* [Exercise instructions]
Copy each line of the listing below exactly and drop the images.

* [Data shown]
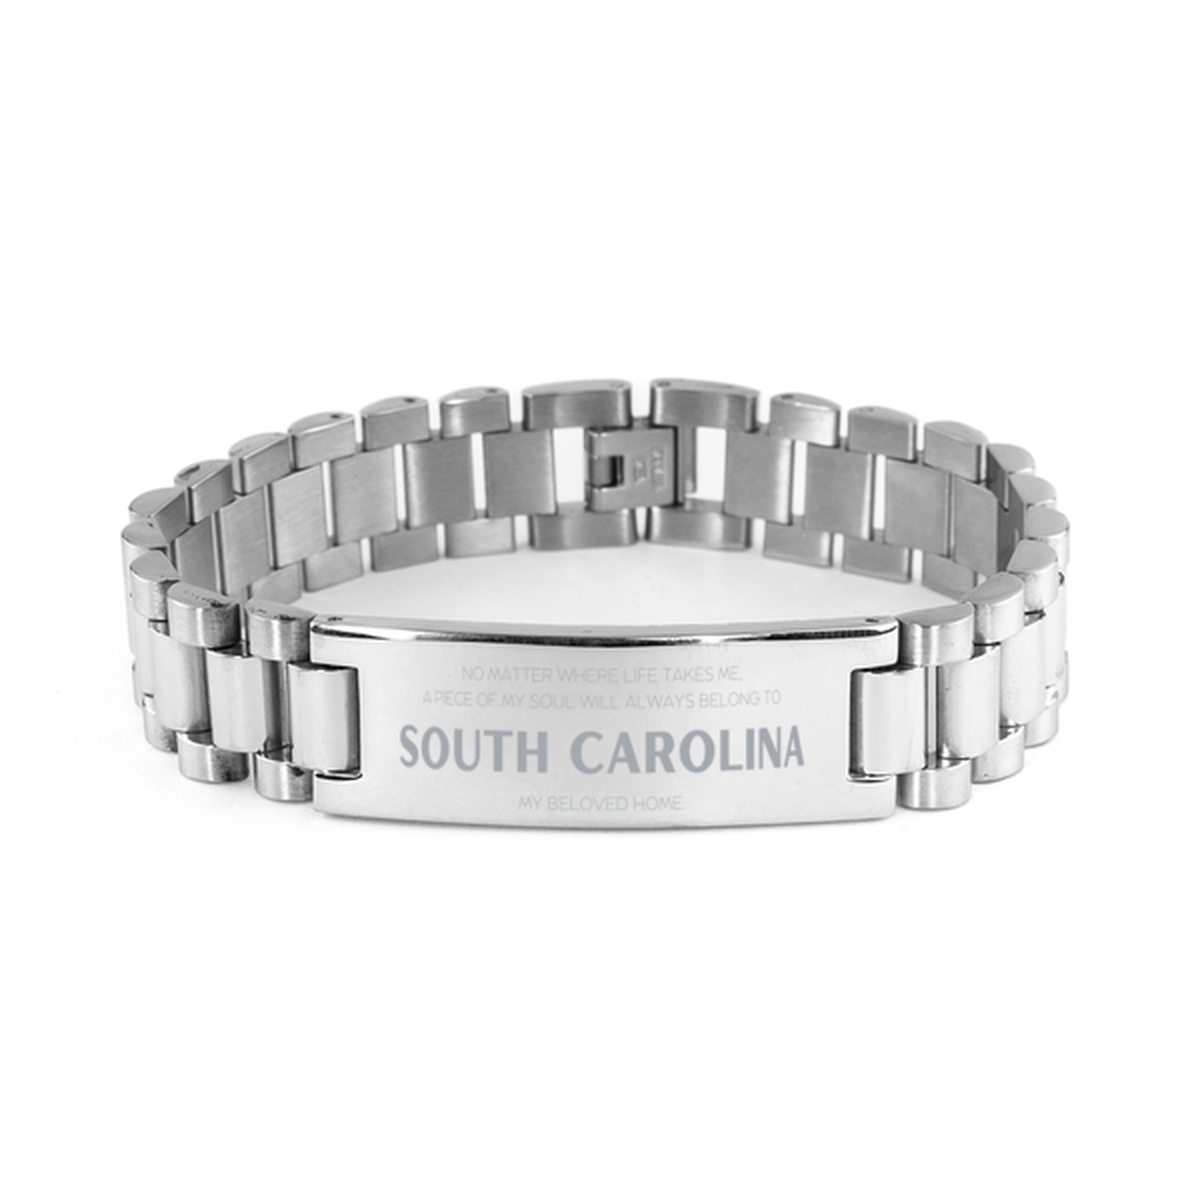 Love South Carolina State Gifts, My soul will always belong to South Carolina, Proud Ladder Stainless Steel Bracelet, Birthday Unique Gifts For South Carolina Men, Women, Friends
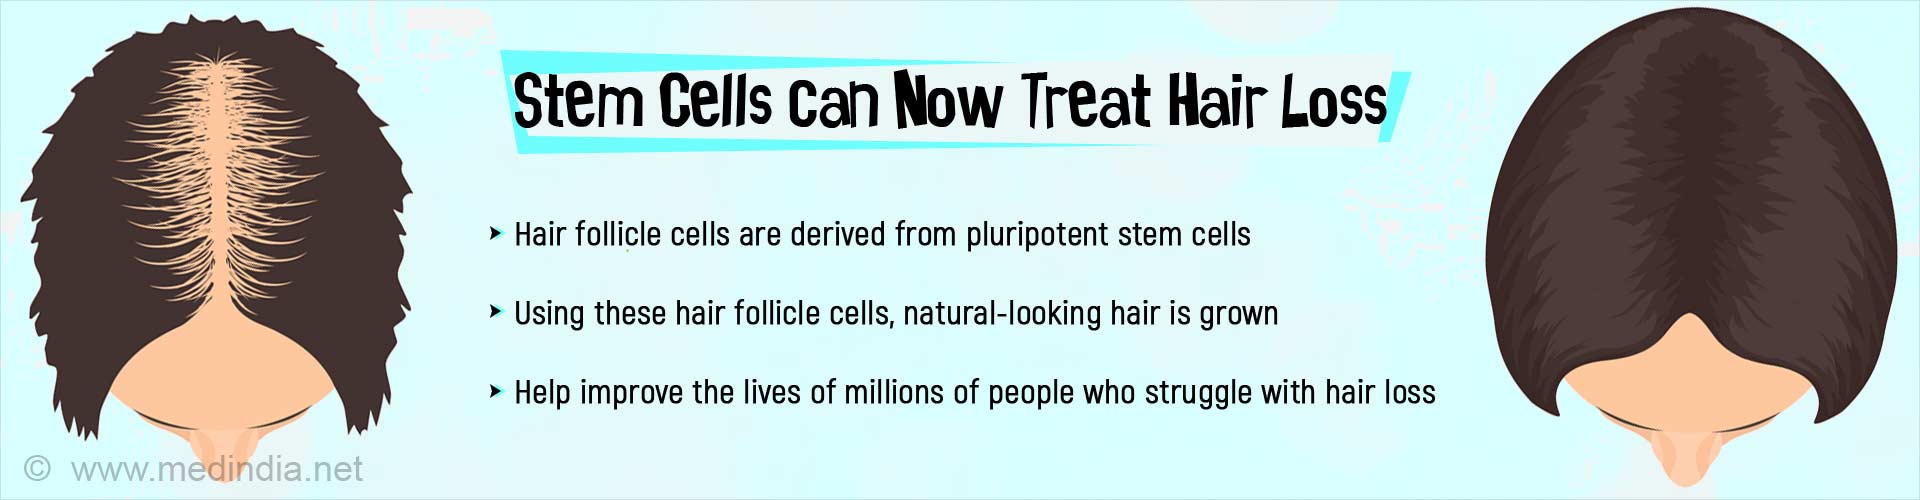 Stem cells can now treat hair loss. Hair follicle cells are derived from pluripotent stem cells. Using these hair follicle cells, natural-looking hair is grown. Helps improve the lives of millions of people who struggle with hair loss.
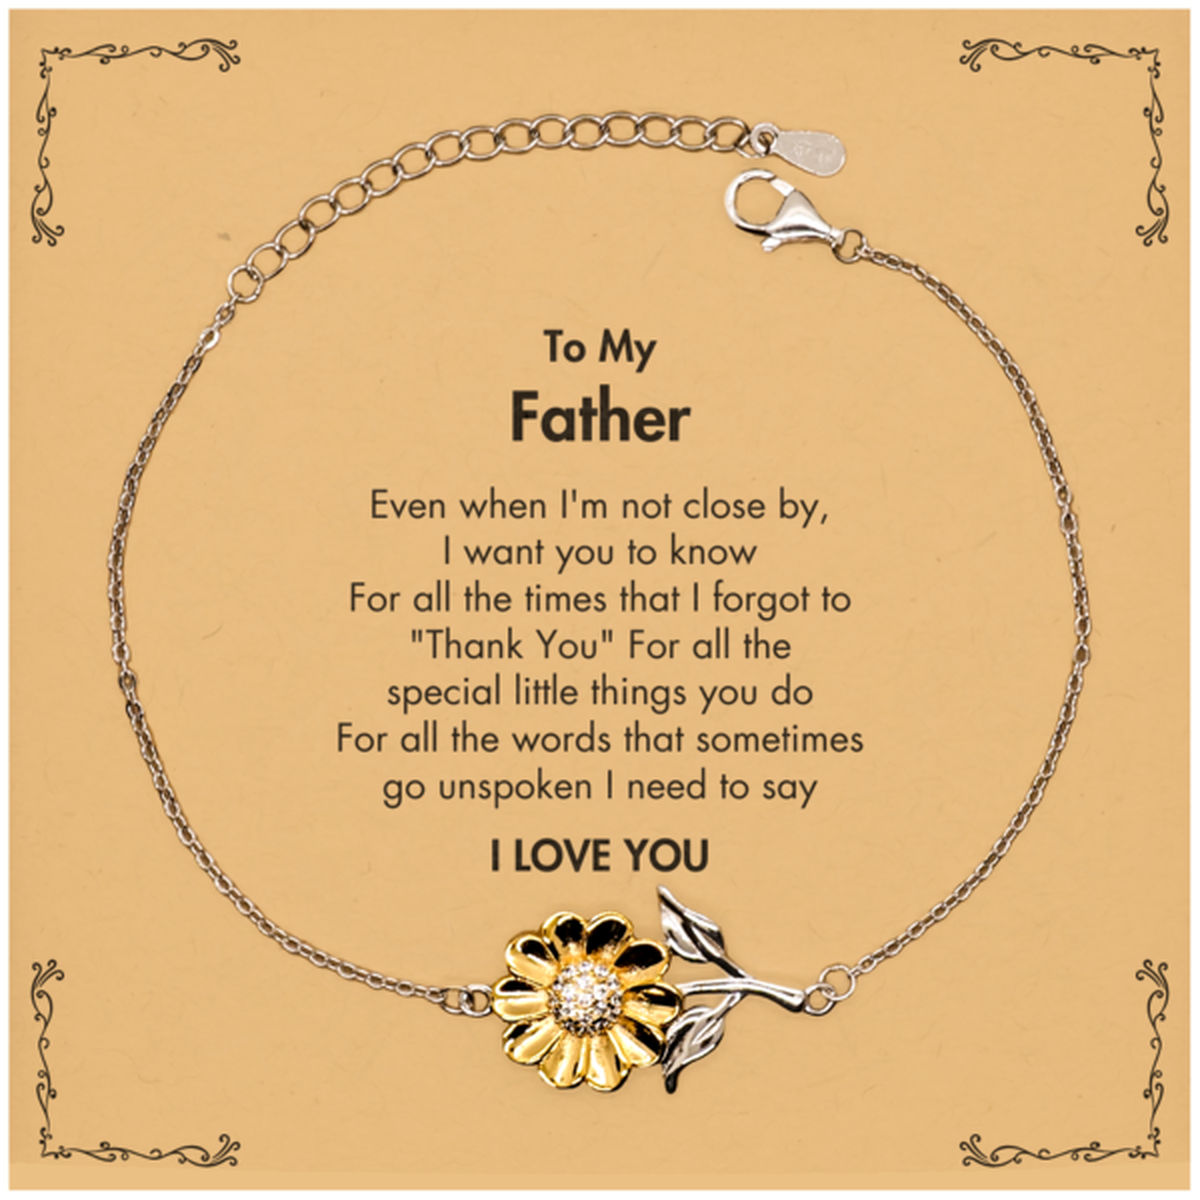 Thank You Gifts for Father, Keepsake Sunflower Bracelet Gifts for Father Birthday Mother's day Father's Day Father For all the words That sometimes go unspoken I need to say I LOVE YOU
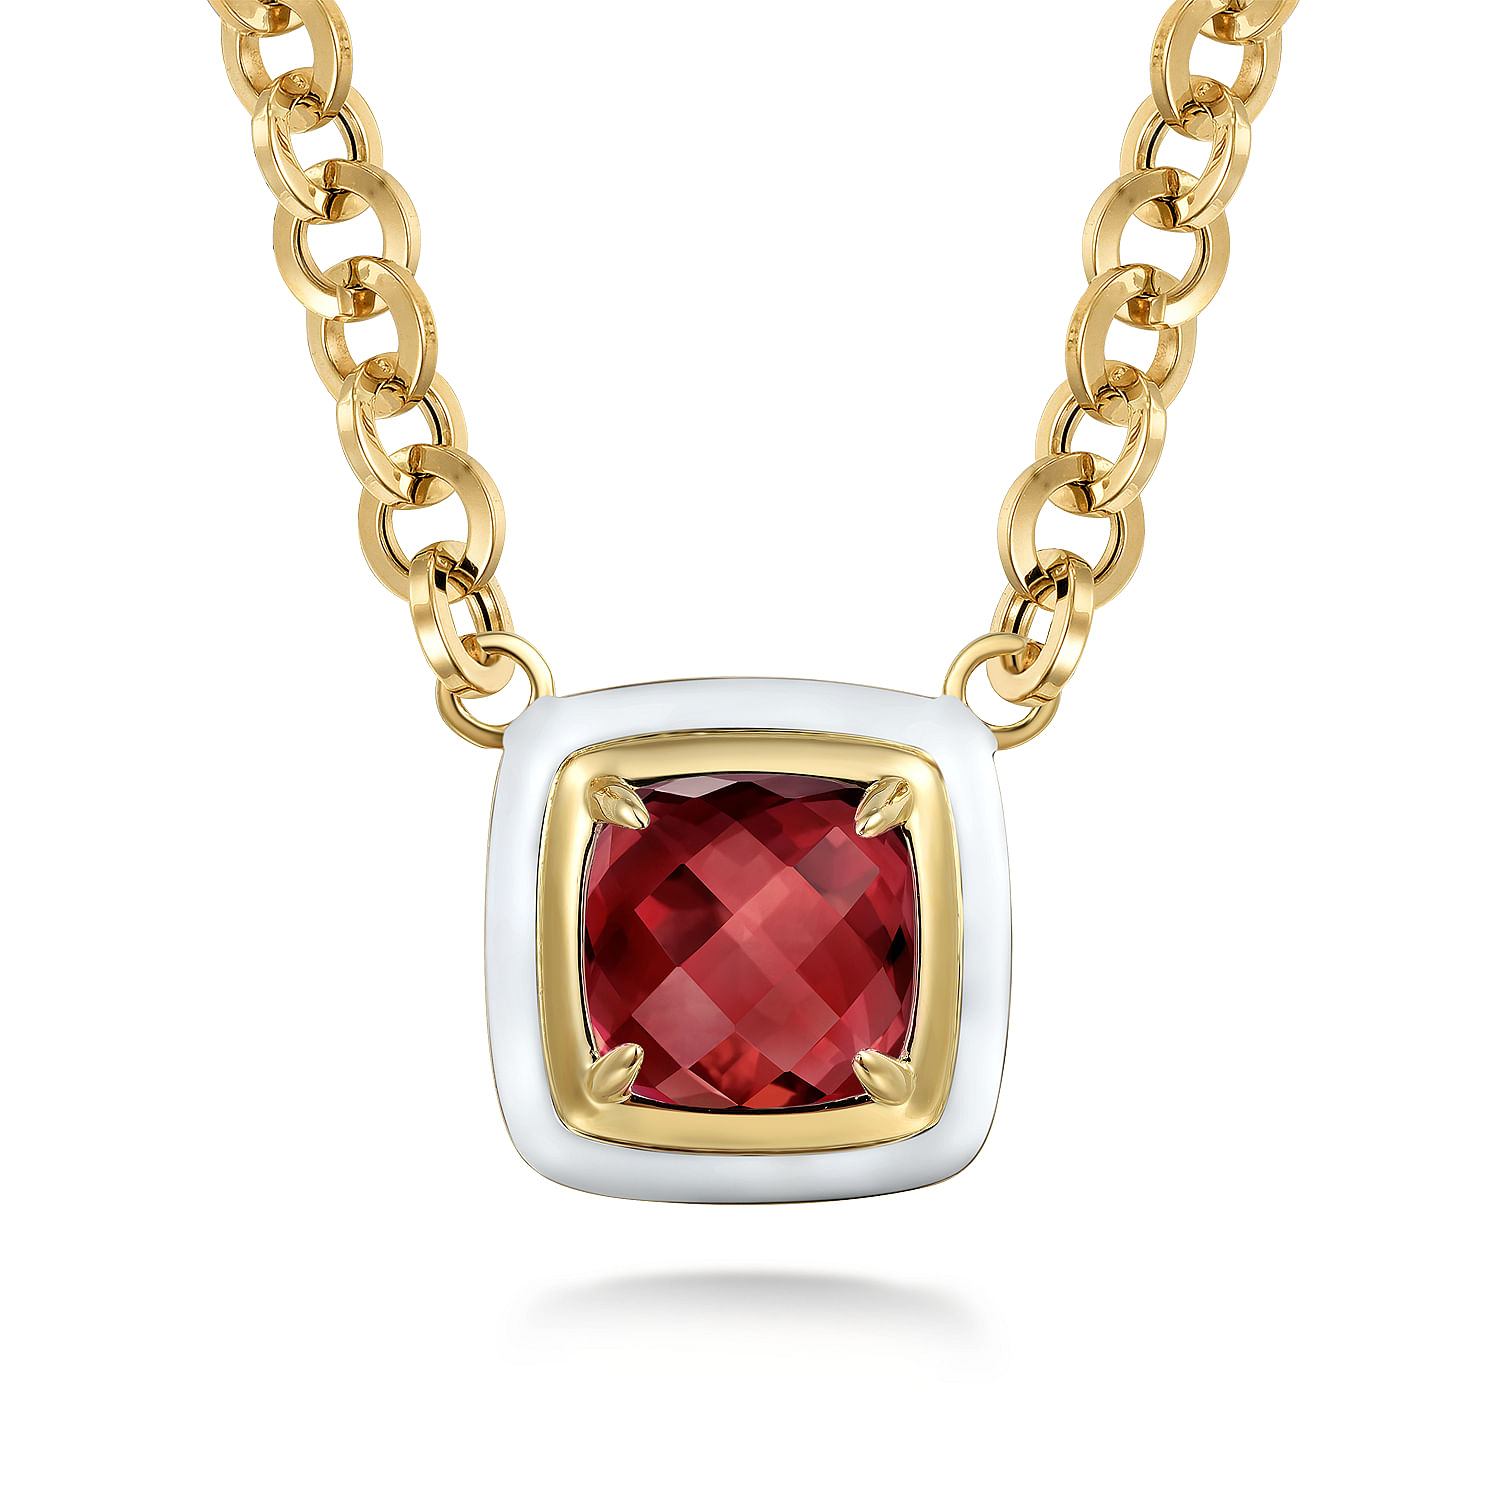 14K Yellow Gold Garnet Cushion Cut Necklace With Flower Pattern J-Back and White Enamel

* [Solution]
 Love South Carolina State Gifts, My soul will always belong to South Carolina, Proud Ladder Stainless Steel Bracelet, Birthday Unique Gifts For South Carolina Men, Women, Friends
 Stem cells can now treat hair loss. Hair follicle cells are derived from pluripotent stem cells. Using these hair follicle cells, natural-looking hair is grown. Helps improve the lives of millions of people who struggle with hair loss.
 Thank You Gifts for Father, Keepsake Sunflower Bracelet Gifts for Father Birthday Mother's day Father's Day Father For all the words That sometimes go unspoken I need to say I LOVE YOU
 14K Yellow Gold Garnet Cushion Cut Necklace With Flower Pattern J-Back and White Enamel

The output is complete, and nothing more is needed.